Int J Sports Phys Ther. 2013 Oct;8(5):680-8.
Hip range of motion is an important component in assessing clinical orthopedic conditions of the hip, low back and lower extremities. However it remains unclear as to what constitutes the best tool for clinical measurement. The purpose of this study was to investigate the concurrent validity of passive range of motion (ROM) measurements of hip extension and hip internal and external rotation using a digital inclinometer and goniometer.
Criterion Standard.
Clinical research laboratory.
30 healthy subjects without pain, radicular symptoms or history of surgery in the low back or hip regions.
Passive hip range of motion for extension, hip internal rotation and hip external rotation. A digital inclinometer and universal goniometer were utilized as the tools for comparisons between measurements.
There was a statistically significant difference (p < 0.05) between the goniometer and digital inclinometer in measured hip ROM except for measurements of right hip external rotation (p > 0.05). The mean difference between the goniometer and digital inclinometer in left hip extension, internal rotation and external rotation were 3.5°, 4.5° and 5.0° respectively. The mean difference between the two devices in right hip extension, internal rotation and external rotation were 2.8°, 4.2° and 2.6° respectively.
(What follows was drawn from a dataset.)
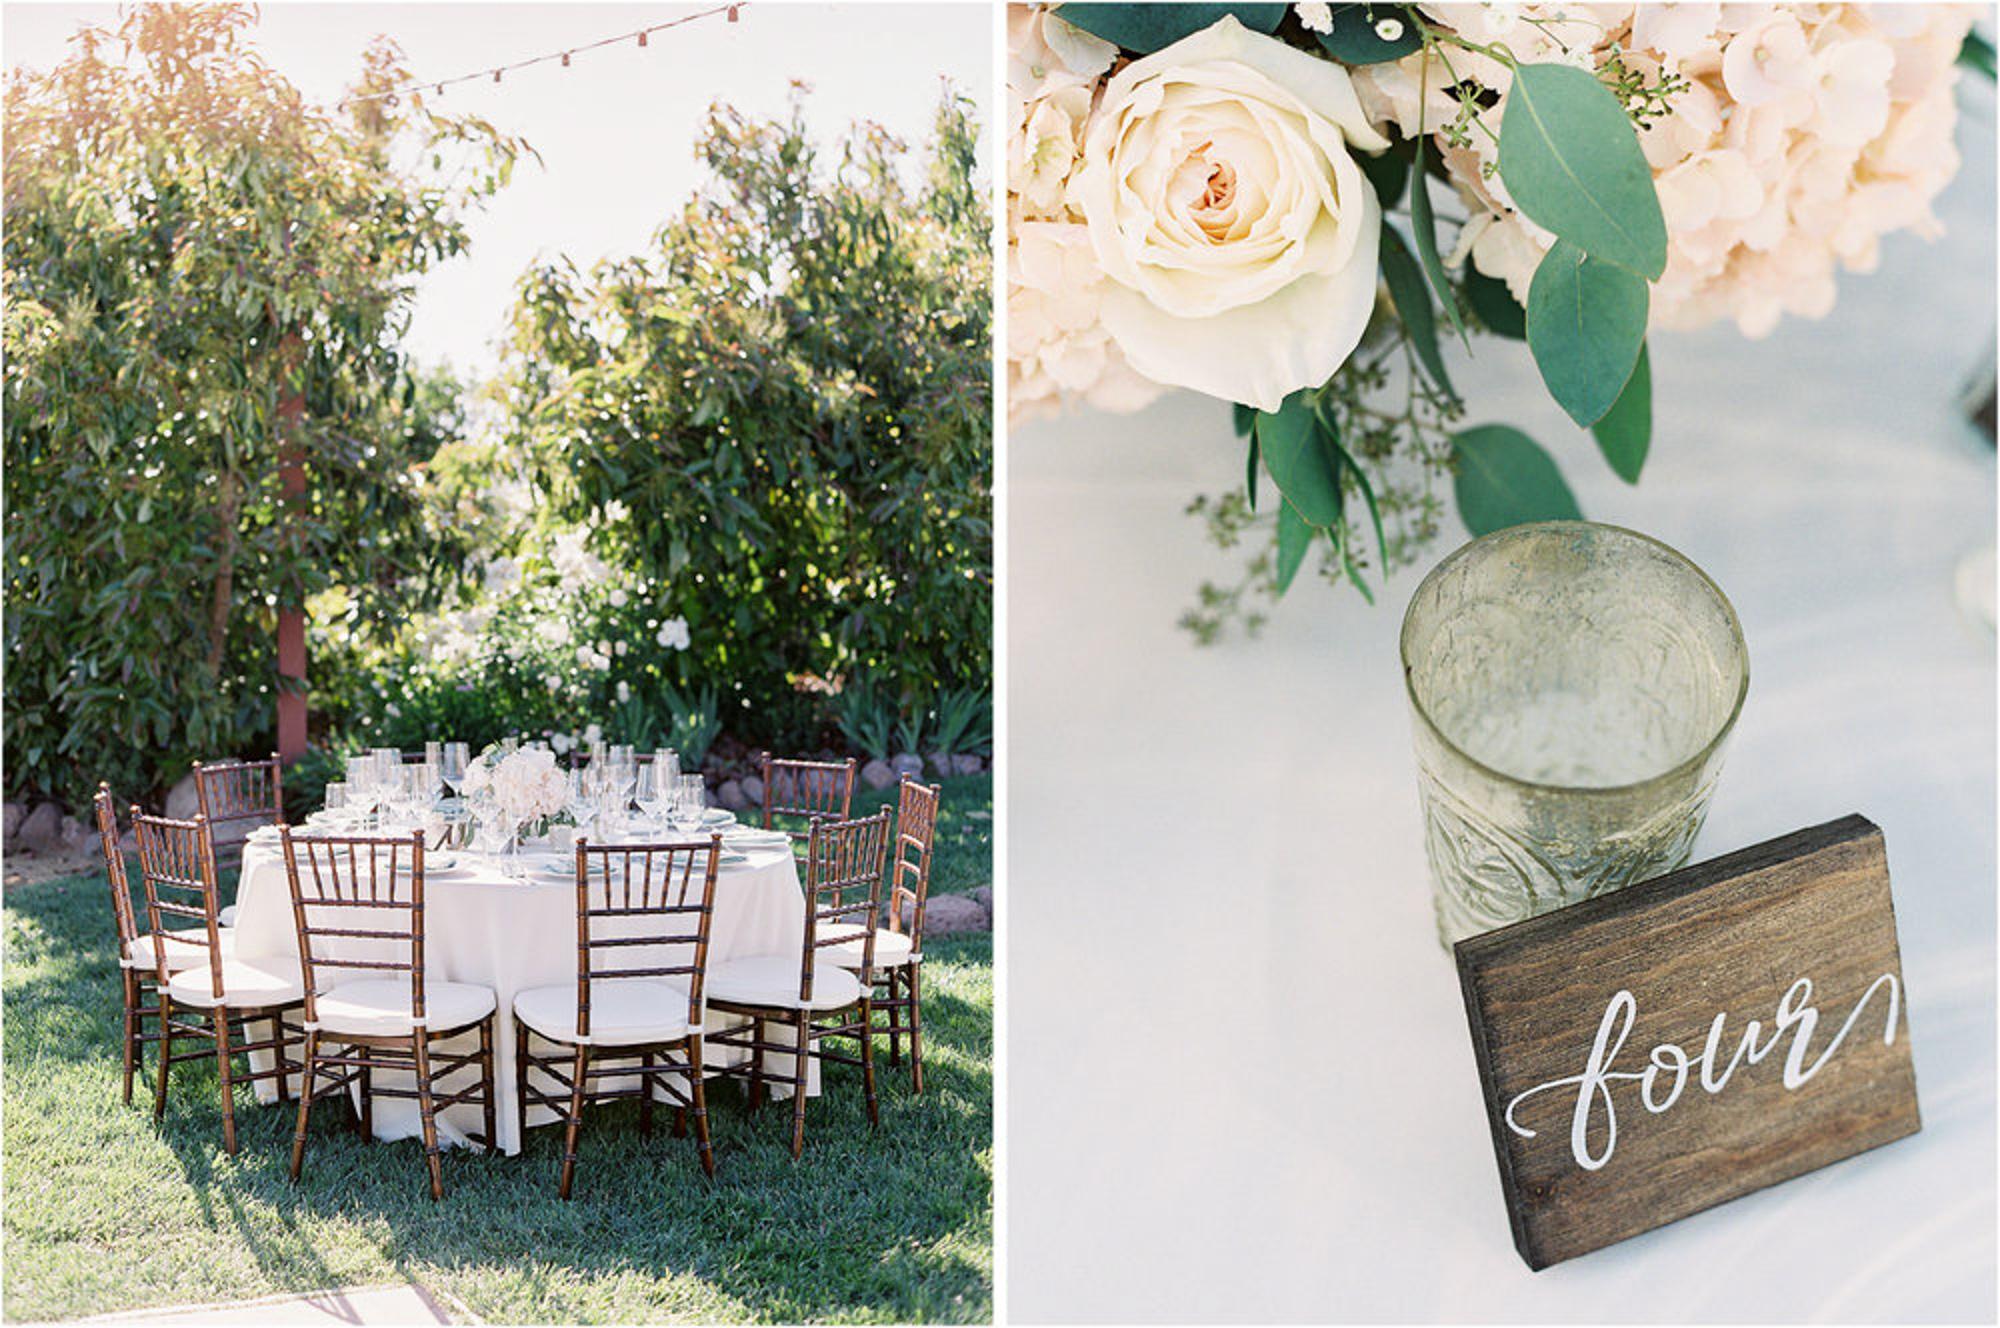 Gerry-Ranch-Wedding-Photography-Kristina-Adams-22.jpg

On average, the difference between the goniometer and digital inclinometer in extension was 3.2°, internal rotation was 4.5° and external rotation was 3.8°. The digital inclinometer had greater measurement during EXT and ER. Furthermore, there was no statistically significant difference (p > 0.05) in hip ROM between the left and right side for either goniometric or digital inclinometer measurements.
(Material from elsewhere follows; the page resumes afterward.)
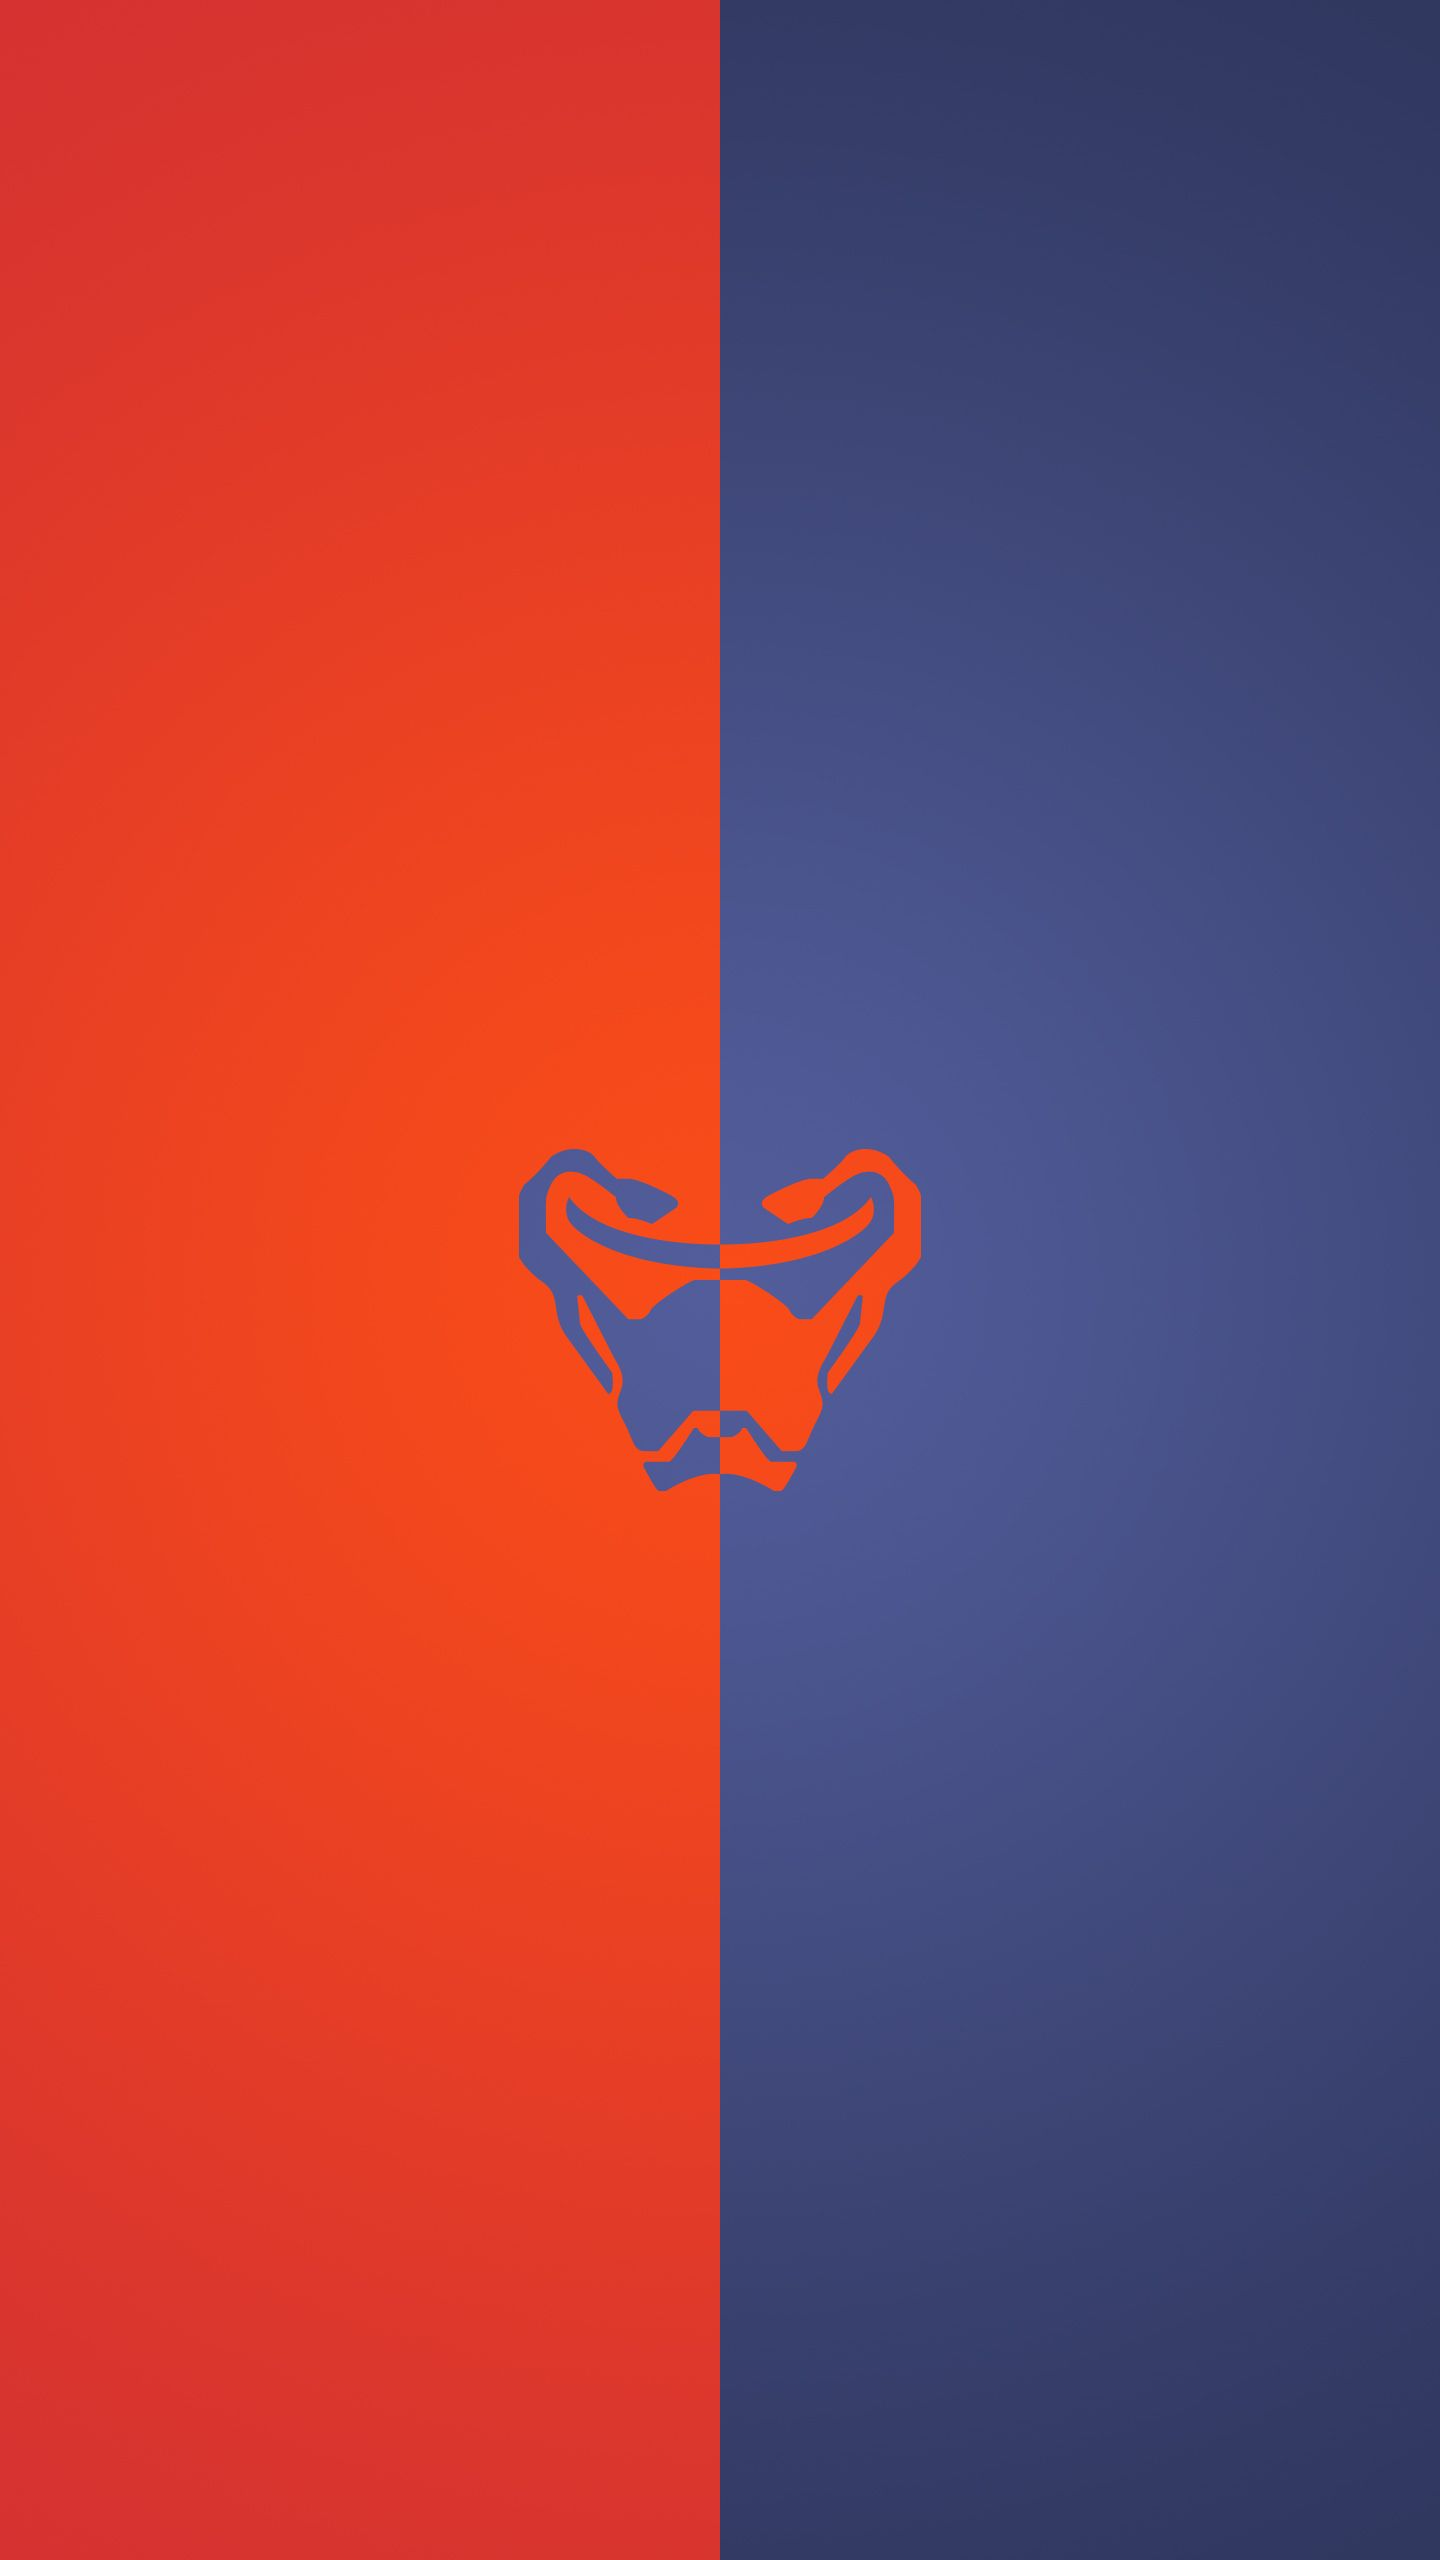 Overwatch - Soldier:76 Wallpaper for V20 | Overwatch | Jogos

This results of this study indicate that a significant difference exists between the two devices in all measurements with exception of right hip extension. The differences were noted to be between 3-5 degrees for all planes measured. These findings suggest that caution should be used if these two devices are to be used interchangeably to quantify passive hip range of motion in either clinical practice or when comparing studies that utilize different instruments.
2b.
髋关节活动范围是评估髋关节、下背部和下肢临床骨科状况的重要组成部分。然而,目前尚不清楚哪种工具是临床测量的最佳选择。本研究的目的是探讨使用数字倾角仪和角度计测量髋关节伸展、内旋和外旋的被动活动范围(ROM)的同时效度。
标准对照。
临床研究实验室。
30名健康受试者,无疼痛、神经根症状或下背部或髋部手术史。
髋关节伸展、内旋和外旋的被动活动范围。使用数字倾角仪和通用角度计作为测量工具进行比较。
除右髋关节外旋测量外(p>0.05),角度计和数字倾角仪在测量髋关节ROM方面存在统计学显著差异(p<0.05)。角度计和数字倾角仪在左髋关节伸展、内旋和外旋方面的平均差异分别为3.5°、4.5°和5.0°。两种仪器在右髋关节伸展、内旋和外旋方面的平均差异分别为2.8°、4.2°和2.6°。平均而言,角度计和数字倾角仪在伸展方面的差异为3.2°,内旋为4.5°,外旋为3.8°。数字倾角仪在伸展和外旋时测量值更大。此外,角度计或数字倾角仪测量的左右侧髋关节ROM之间无统计学显著差异(p>0.05)。
本研究结果表明,除右髋关节伸展外,两种仪器在所有测量中均存在显著差异。在所有测量平面上,差异在3-5度之间。这些发现表明,如果在临床实践中或比较使用不同仪器的研究时,要互换使用这两种仪器来量化被动髋关节活动范围,应谨慎使用。
2b。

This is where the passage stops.